Turkish main opposition: Incompetent Davutoğlu rewarded with Prime Ministry
ANKARA
President-elect Recep Tayyip Erdoğan and his successor at the prime minister's seat, Ahmet Davutoğlu, come out of a mosque in Ankara after performing their Friday prayers, Aug. 22. AA Photo
The leaders of the two major opposition parties have expressed their discontent at the nomination of Foreign Minister Ahmet Davutoğlu as the next ruling party Justice and Development Party (AKP) leader and prime minister by President-elect Recep Tayyip Erdoğan.Both the Republican People’s Party (CHP) and the Nationalist Movement Party (MHP) have consistently blamed Davutoğlu for a total failure in the country’s foreign policy.
“It means the era of a ‘puppet prime minister’ has begun. It doesn’t have any other meaning,” CHP leader Kemal Kılıçdaroğlu said when asked what Davutoğlu’s nomination meant for him.
“Look, the Davutoğlu and Erdoğan team gave Turkey a process we have never encountered before in the Republican era. And we are continuing to live [through this process],” Kılıçdaroğlu said in an interview with T24 news portal released Aug. 22.
For his part, MHP leader Devlet Bahçeli associated Davutoğlu and Erdoğan with the U.S.-led Broader Middle East and North Africa Initiative (BMENA), which was officially made public by the U.S. at a G8 summit in June 2004.
“President Erdoğan, party leader and Prime Minister Davutoğlu are the BMENA’s members that have turned the Middle East into a dungeon,” Bahçeli said Aug. 21, within hours of Davutoğlu’s nomination being announced.
The AKP founding leader, Erdoğan, elected as president by popular vote on Aug. 10, named Davutoğlu – who has worked with him since 2003 – future prime minister Aug. 21. He said the AKP’s Central Executive Board (MYK) had agreed to nominate Davutoğlu as its next leader and, by default, future premier. The decision must now be endorsed by a party vote on Aug. 27, which is unlikely to be opposed.
According to Kılıçdaroğlu, Turkey became isolated in all four corners of the world during Davutoğlu’s tenure as foreign minister.
“I called Davutoğlu ‘Turkey’s biggest incompetent [as foreign minister].’ I still argue the same. And now this is being rewarded. Turkey is facing such a picture for the first time,” Kılıçdaroğlu said, slamming both Erdoğan and Davutoğlu for being “indifferent” in their approach in rescuing the 49 Turkish nationals who have been kept as hostages by the Islamic State of Iraq and the Levant in Iraq since early June.
“You, yourself, handed over the hostages to ISIL. You have molded ISIL into its current shape,” he added, while calling out at Erdoğan and Davutoğlu.

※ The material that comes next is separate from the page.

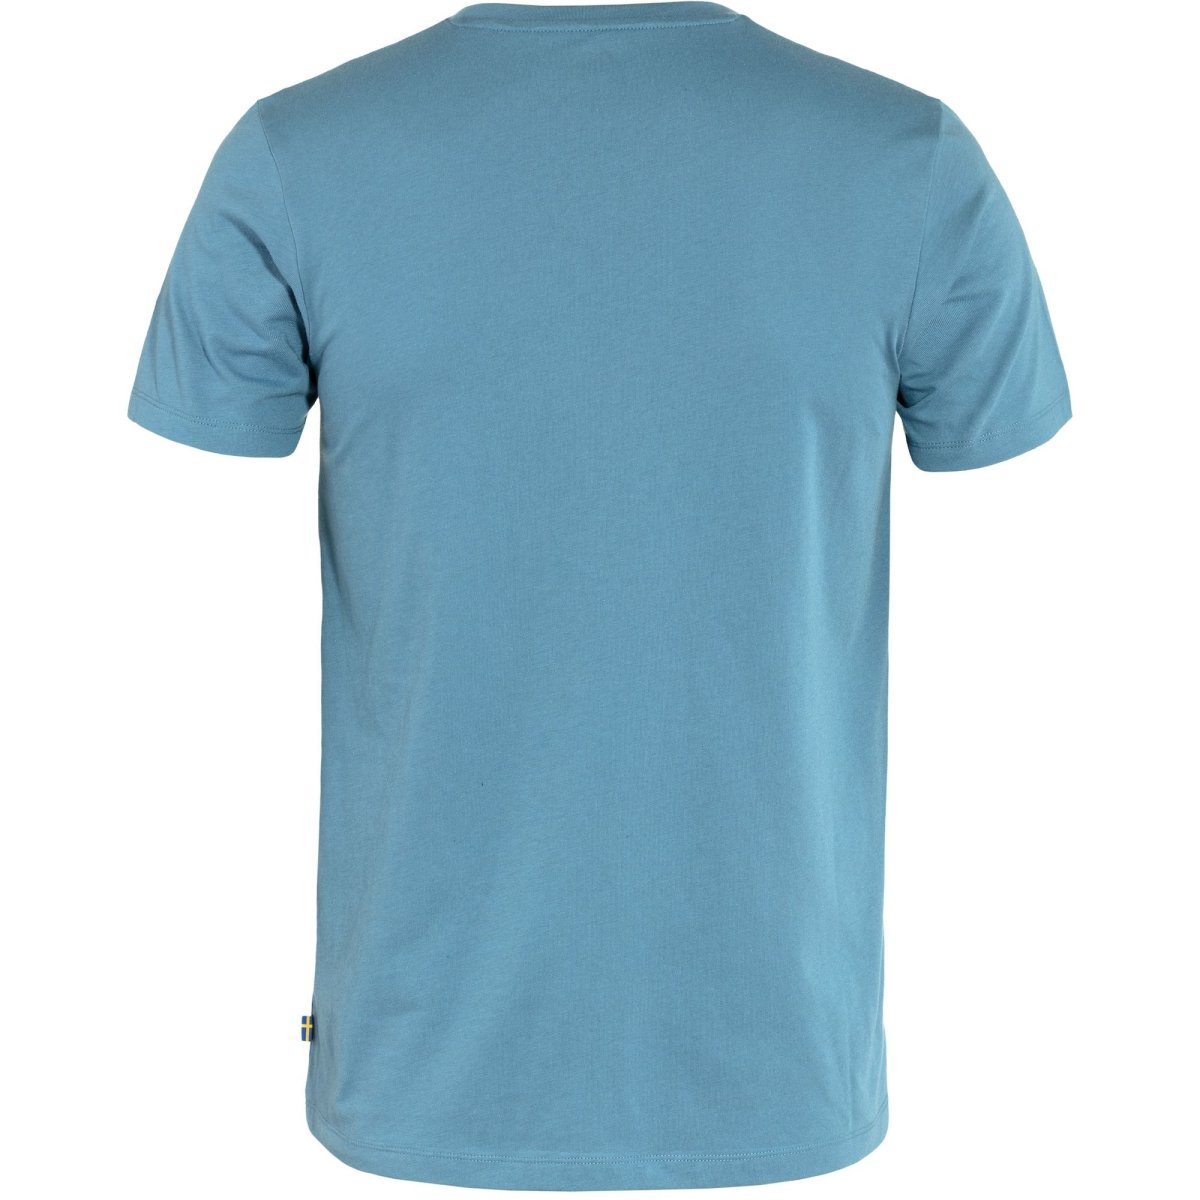 Fj&auml;llr&auml;ven Fox T-Shirt 87052 dawn blue Herren Jersey Brand Shirt

Bahçeli, meanwhile, vowed not to allow the two of them to turn Turkey into a “dungeon,” indicating the relatively low participation of opposition voters in the presidential election led to today’s situation.
“But there is a historical opportunity for you ahead. That is June 7, 2015,” Bahçeli said, referring to the upcoming parliamentary election and urging people to change the government by voting.